«Гав-гав-гав!» — заметалась Дэля. Переполох, да и только.

Надя-копуша собиралась не менее четверти часа Тетки не отпустили ее без завтрака.

Пыхтел и рокотал трактор — путиловский «фордзон». Медленно на прицепе тащил поперек ржаного поля огромный комбайн, будто маленький козел вел в поводу слона. Чикали, срезая рожь, прицепленные к комбайну косилки. Шуршали механические грабли, загребая в нутро комбайна целые вороха колосьев. В самом комбайне ритмично постукивала молотилка, выбрасывала назад пустую солому — четыре молодухи едва успевали отгребать.
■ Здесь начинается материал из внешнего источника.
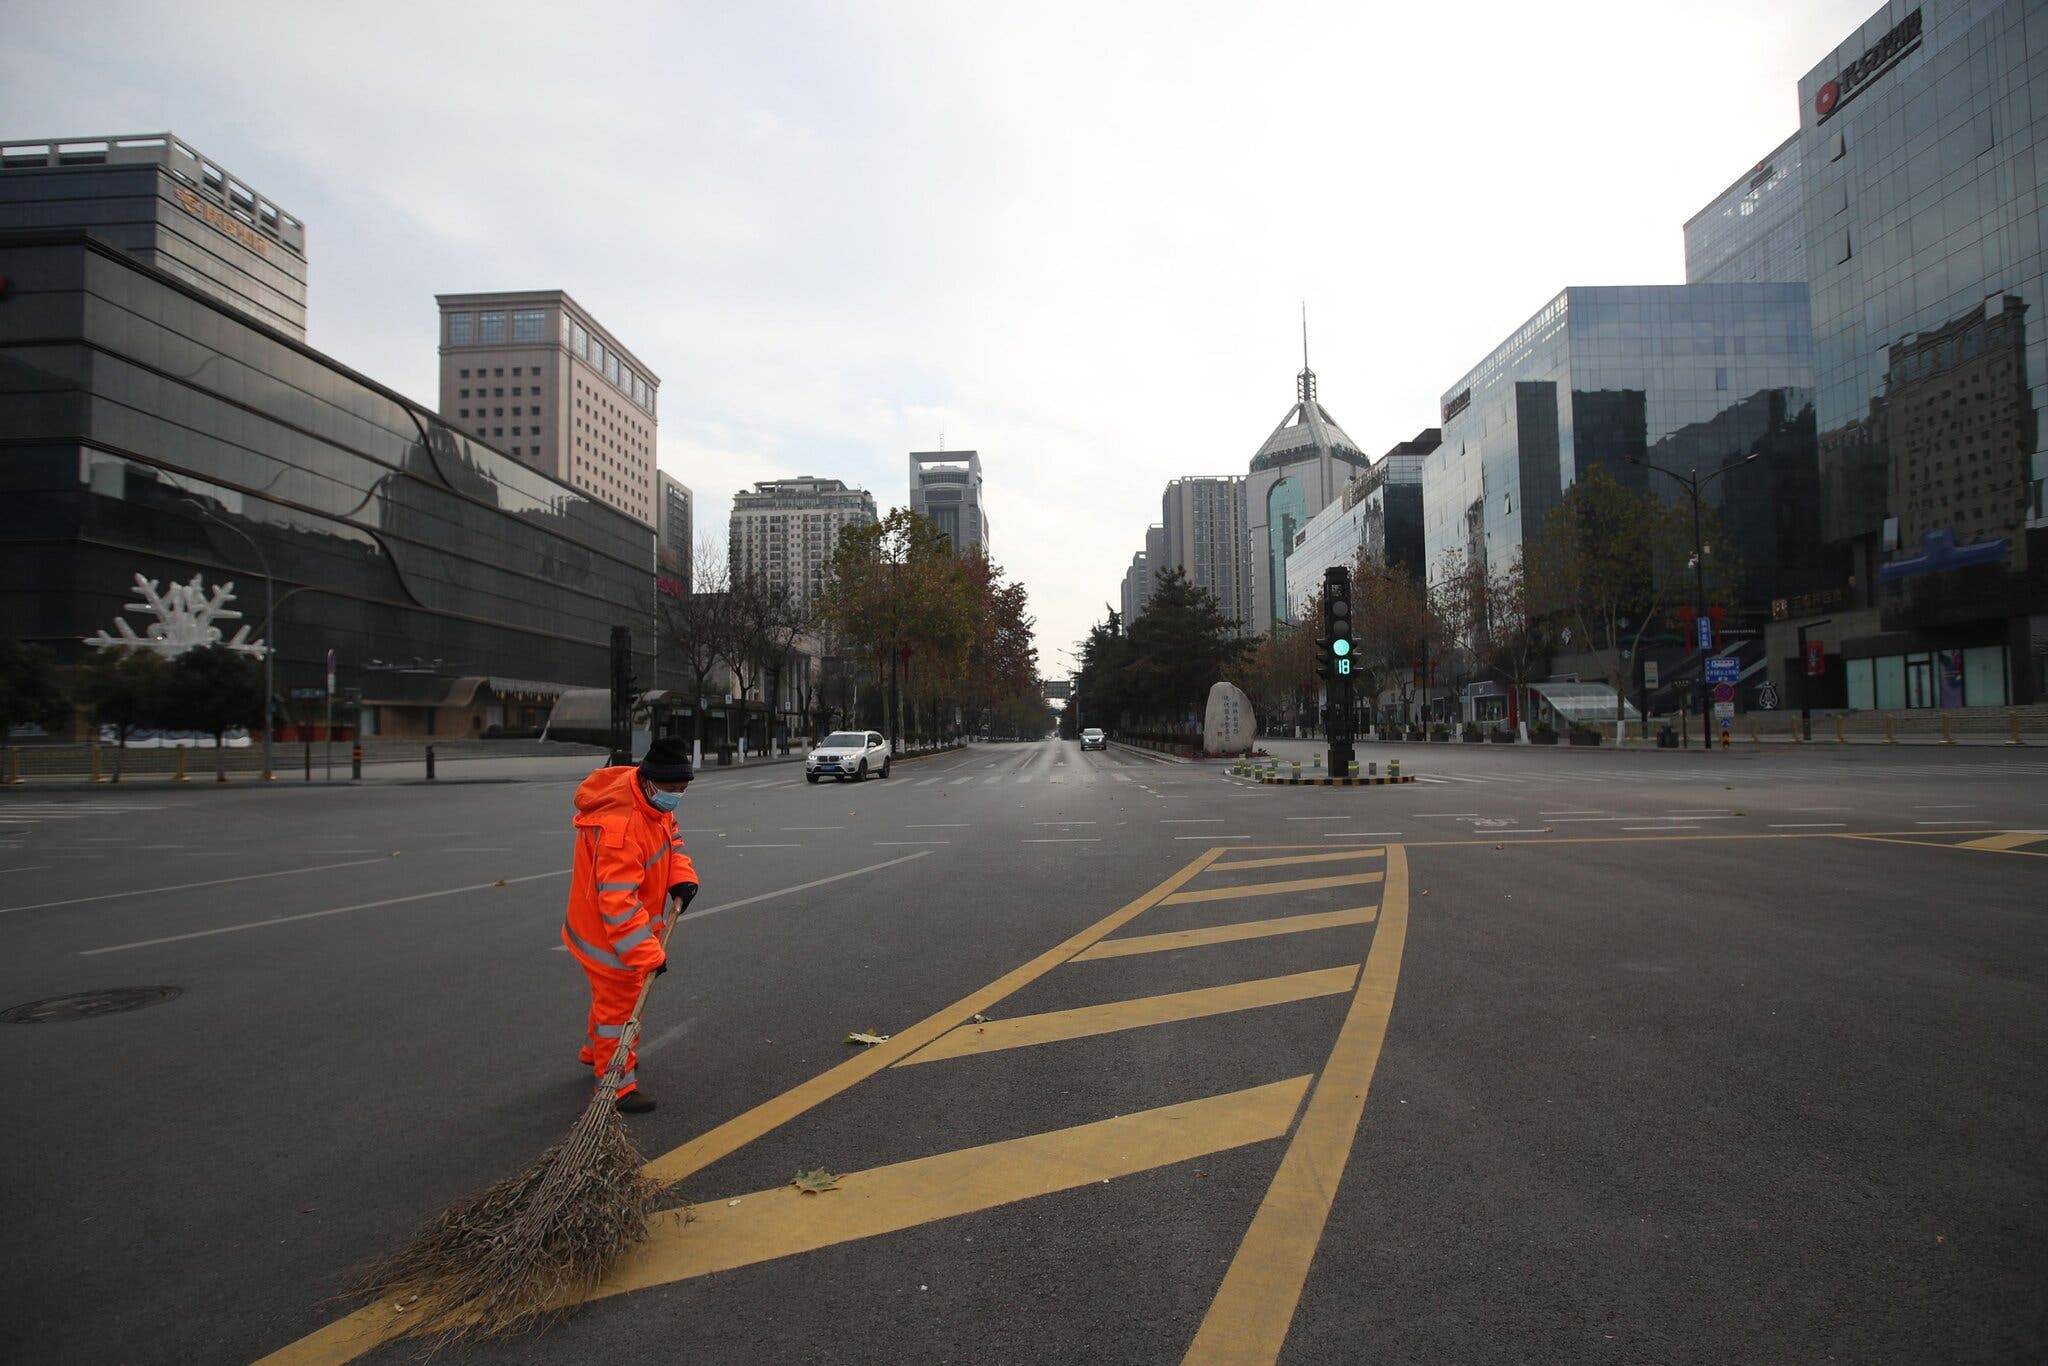 A sanitation worker sweeps a deserted road in Xi'an, in the northern Chinese province of Shaanxi, after the city was locked down in December 2021 due to COVID-19. Photo: Agence France-Presse / Getty Images

Сверху, из узкого жестяного раструба, непрерывным ручьем текло обмолоченное зерно. На двуконной телеге с высоким кузовом, застланным брезентом, четыре парня подставляли под хлебную струю мешки. Наполнив, проворно завязывали и сбрасывали на жнивье, как сытых поросят.

Мы разинули рты. Вот оно, чудо-юдо, Люськин «кымбайн» — и швец, и жнец, и на дуде игрец!

За штурвалом трактора — важный парень в голубой футболке. Рядом с ним — пионервожатая Катя Соловьева в красной косыночке.

Комбайном управляет пожилой дядька в синей рабочей блузе-толстовке. Глядит строго, зорко, как часовой с вышки.

Народу на поле — что на ярмарке. И шум как на ярмарке. Зрителей в пять раз больше, чем работающих.

Путаются под ногами мальчишки: галдят, свистят, орут. Не обращают внимания на тычки и подзатыльники.

— Господи Иисусе! — крестятся старушки. — Помилуй нас, грешных...

Судачат старики:

Кум, а божье ль это дело? Где ж это видано, чтоб этак над хлебушком изгаляться?..

Молчи, кум. Не нашего ума дело.

Гляди да помалкивай.

— Ах, шишок банный! Так и порет, так и шьет...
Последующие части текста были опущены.